Such claims appear to contradict those we have already surveyed. Unless we wish to excuse Owen as inconsistent or ill-defined, and hence surrender our new-found delight in his theology, we ought to understand these statements as a kind of shorthand and not allow them to be interpreted without the ‘canonical context’ of the rest of his writings. Owen does not understand “faith in Christ” and its consequent salvation to be identical in each testament. This can be sufficiently demonstrated in two steps.

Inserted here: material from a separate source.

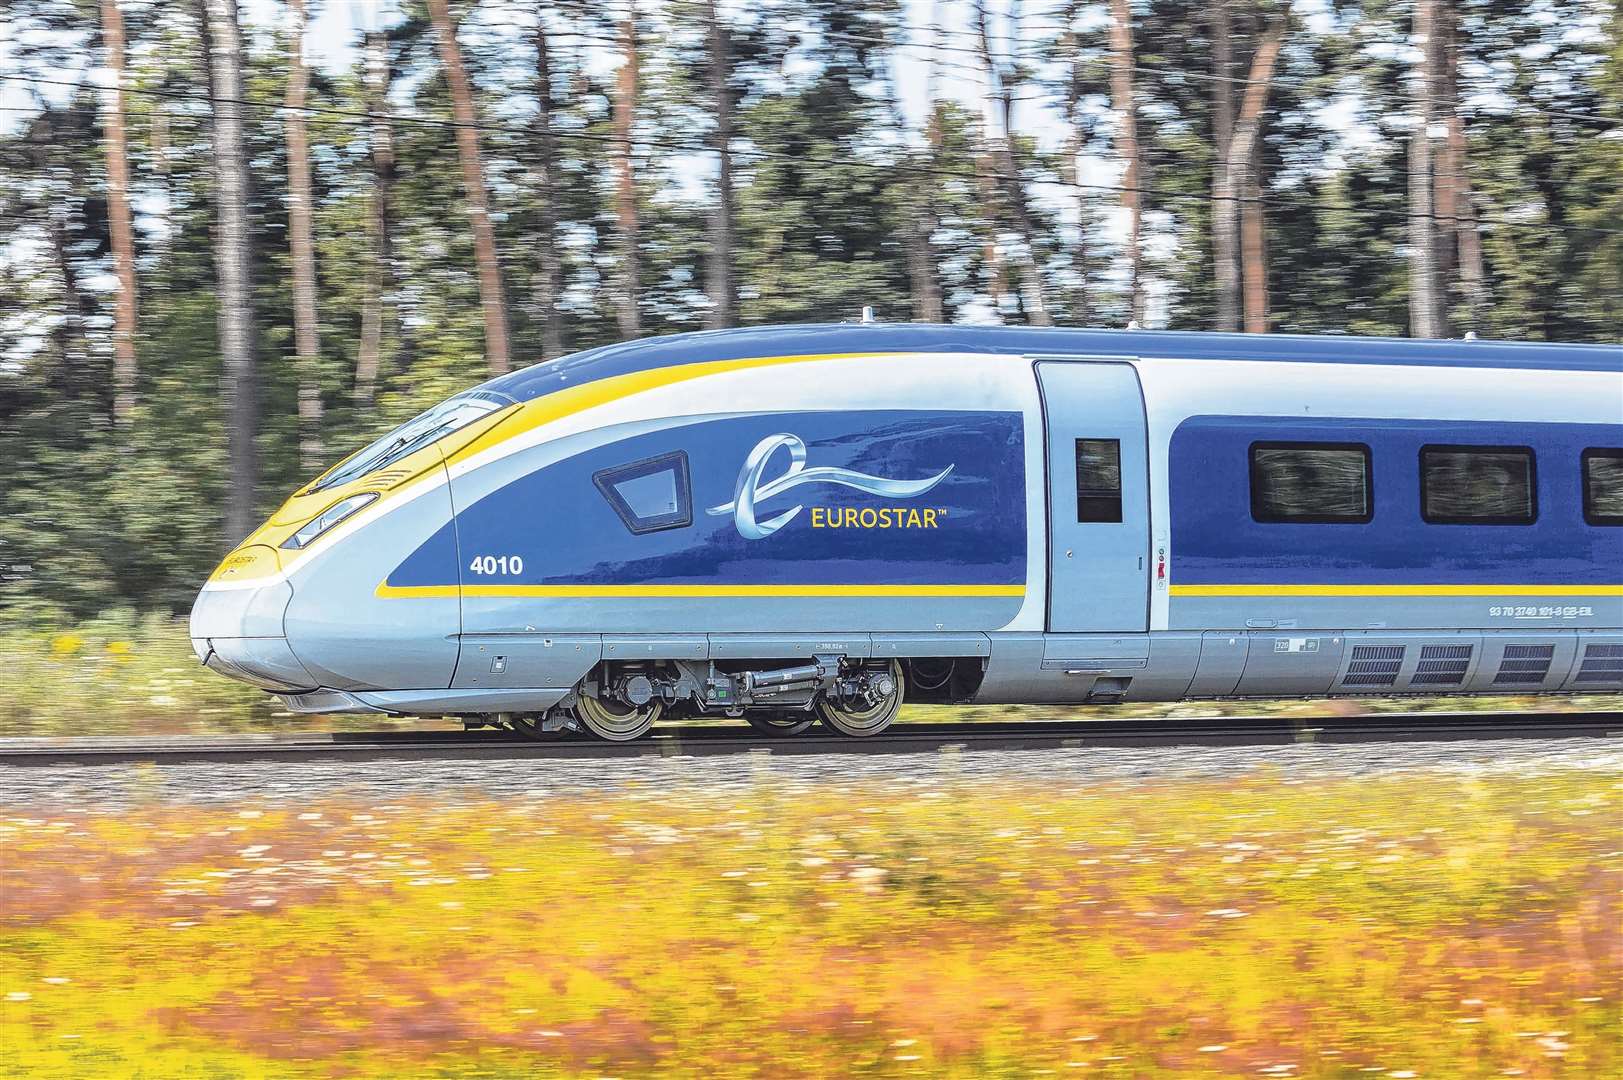 Eurostar is looking at making savings of 20% due to the impact of the pandemic
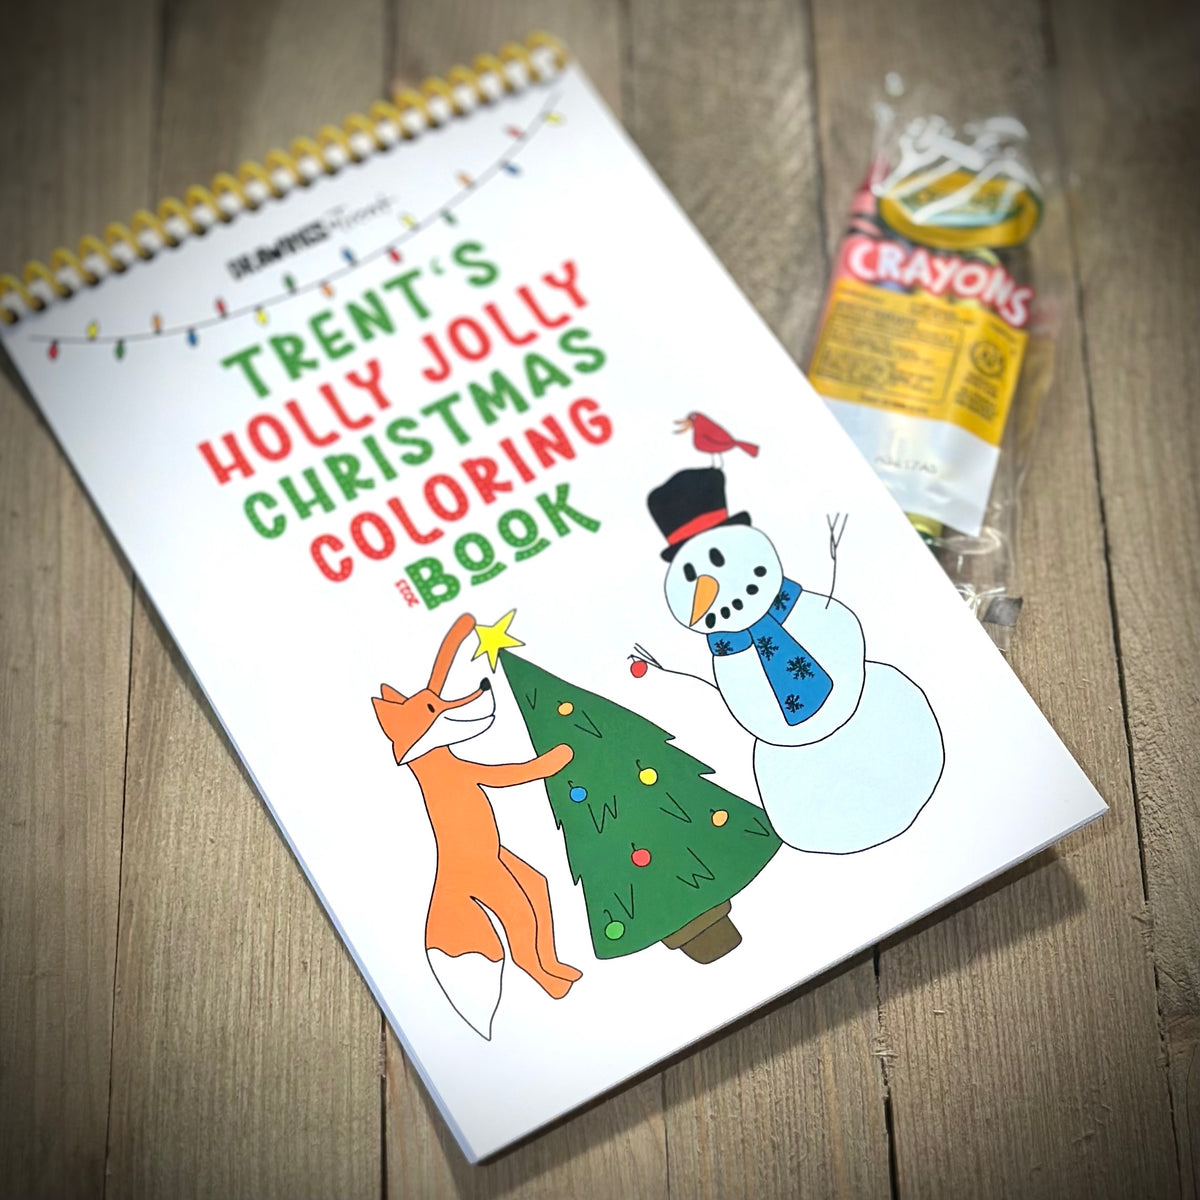 Trent's Holly Jolly Christmas Coloring Book

The first is that Owen is ultimately concerned with trusting in the whole Trinity. He adjures Christians to have distinct faith in each person. This is clear in his affirmations of the Holy Spirit: “The same regard is had to him in faith, worship, and obedience, as unto the other persons of the Father and the Son.”[xxix] And faith in Christ is to lead to faith in the Father: “In and through Christ we do believe in God, 1 Pet. i. 21. This is the life of our souls. God himself, in the infinite perfections of his divine nature, is the ultimate object of our faith.”[xxx] All three persons constitute a whole, tripartite object of faith, {p150} “one God, jointly to be worshipped, feared, adored, believed in, and obeyed, in order unto eternal life.”[xxxi]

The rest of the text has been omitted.